I recall Michael posting an article/video a few months ago about some developer working on advanced tooling using LLVM, and I remember being pretty impressed. I mean, if you take this kind of thing to its logical extreme, C++ could almost start to approach the maintainability and productivity of Java, which is a huge feat for such a terrible language. So why don't we invest all those man-hours into the slow LLVM/Clang to make it as easy to develop with as Java, just so we can say C++ is the best? Meanwhile our "C++" will be almost as slow as Java because we aren't using a compiler that has fully explored runtime performance optimization.
Now, more than ever, gcc is poised to be able to produce better diagnostics than it has in the past. With the introduction of C++ into gcc's source code, internal APIs are being rewritten in an object-oriented manner, replacing old spaghetti code with a layered architecture that at least belongs in the same discussion as LLVM's architecture, even if LLVM is "even more layered" or "even more well-designed".

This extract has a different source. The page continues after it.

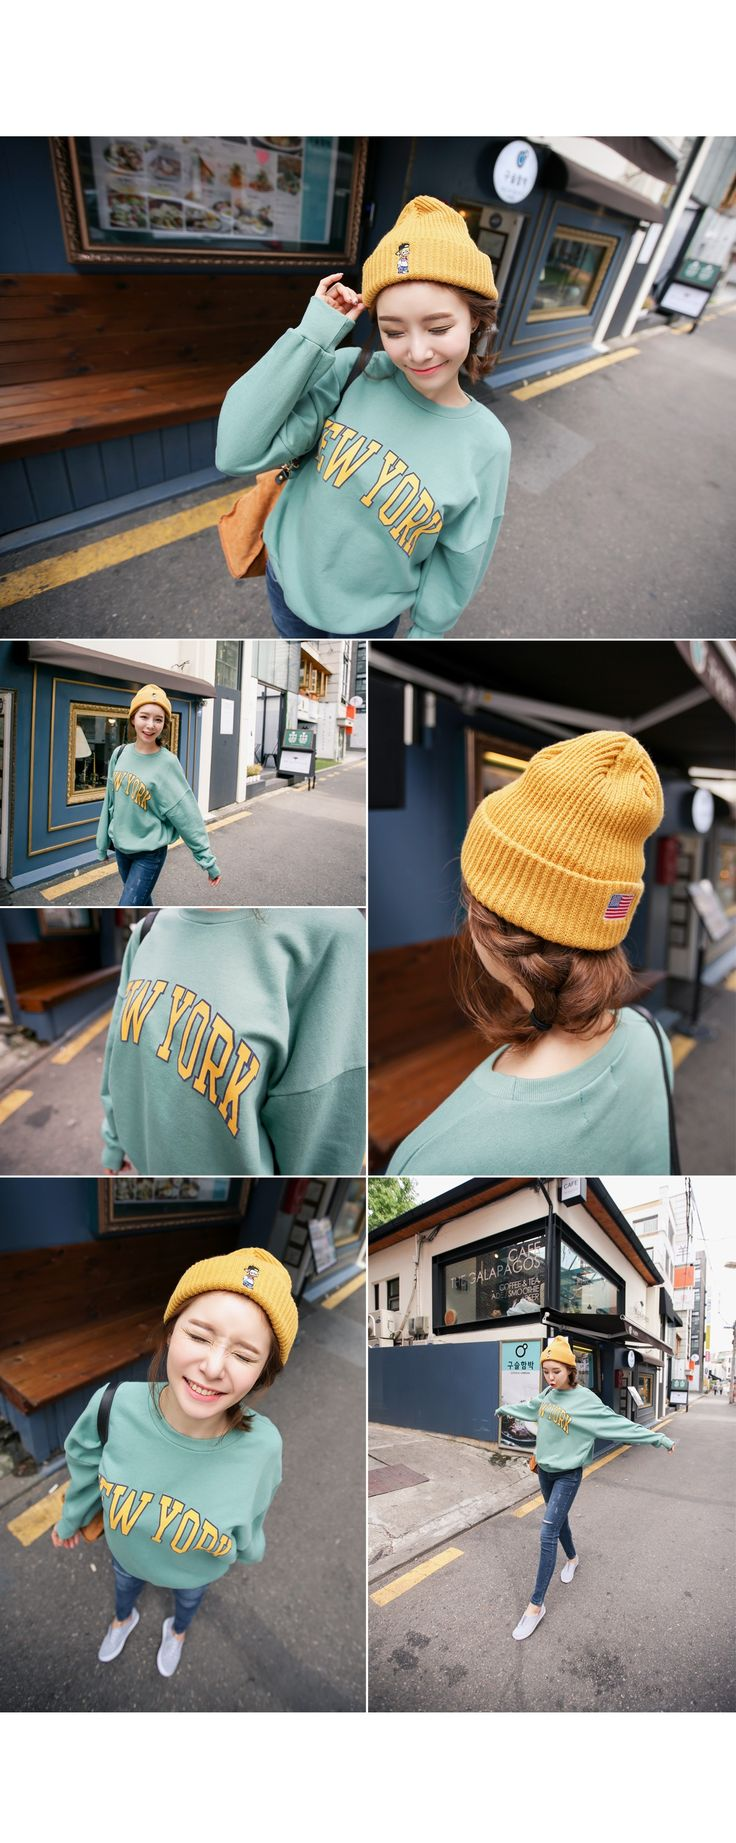 Korean [Qnigirls] Letter printed sweatshirt「koreabuys.com」
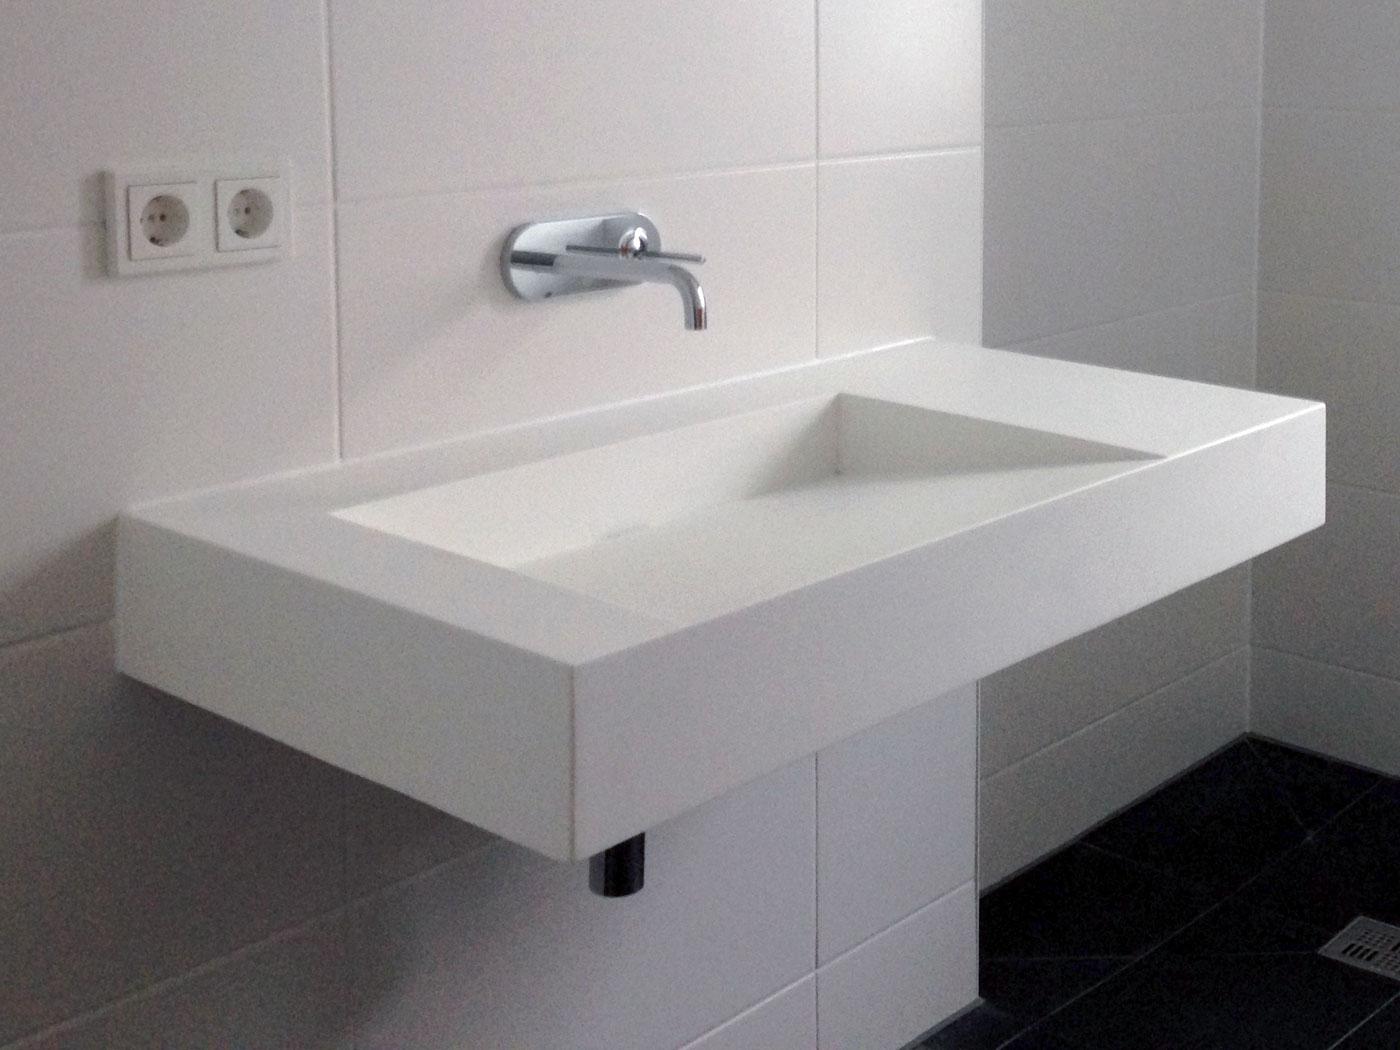 Wall Mounted Trough Sink  WT04B Right Side  Badeloft USA

The point is, while LLVM is trying to catch up to gcc's performance, gcc is trying to catch up to LLVM's usefulness to developers. People are working on both sides to make both compilers better in their weaknesses. Claiming that gcc's complex/unmaintainable internals make it unable to match LLVM in the long run is plain wrong, if for no other reason than the fact that gcc's internals are actively being rewritten as we speak. But (hopefully) they'll be maintaining all of the optimizations they have today, just sitting them on top of more object boxes, separating it out into more shared libraries, etc. to make the code more maintainable.
I disagree, however, that the point of a compiler is to provide good diagnostics. I would rather that the compiler focus on what it does best -- compiling -- and run a different, separate tool that tells me why my code is bad.
Actually, I'm a huge fan of clang analyzer. That is exactly the kind of application that LLVM is best at. All hail the open source equivalent to Coverity, which I hope will in time produce even better diagnostics than Coverity itself, and then some.
In my perfect world, clang would -- as you said somewhere above -- be unable to actually codegen a built and linked binary. Its sole focus would be on helping developers improve their code by eliminating incorrect code (compiler errors, inadvisable practices, slow code, non-standard-compliant code, and so on). Clang could very easily fit into the open source ecosystem this way.
If Clang DOES fully catch up with gcc on performance of compiled code, that's great -- but I think it unlikely because clang is much more valuable if efforts are concentrated on its diagnostics, which you yourself admitted are the most important aspect of a developer tool (not to be confused with a compiler). Clang seems more focused on being a developer tool from the get-go, so why not just push that angle and leave the release builds to gcc?
First, as a premise: the year is 2012. Let's not get ahead of ourselves here.
- Are you compiling a release build? Then use GCC!
- Are you already familiar with GCC's error messages and know what to do when you see one? Then use GCC!
- Are you stumped by an error, or looking to improve the quality of your code? Then use clang or clang-analyzer!
- Are you writing a graphics driver and don't have the manpower / time to develop your own optimizing shader compiler? Then use LLVM!
Now, the year is 2014. Oh, wait -- I was about to make a similar list as above but with what the situation will be in 2014, but then I realized that I misplaced my crystal ball. Maybe you have it over there and can find it for me, elanthis?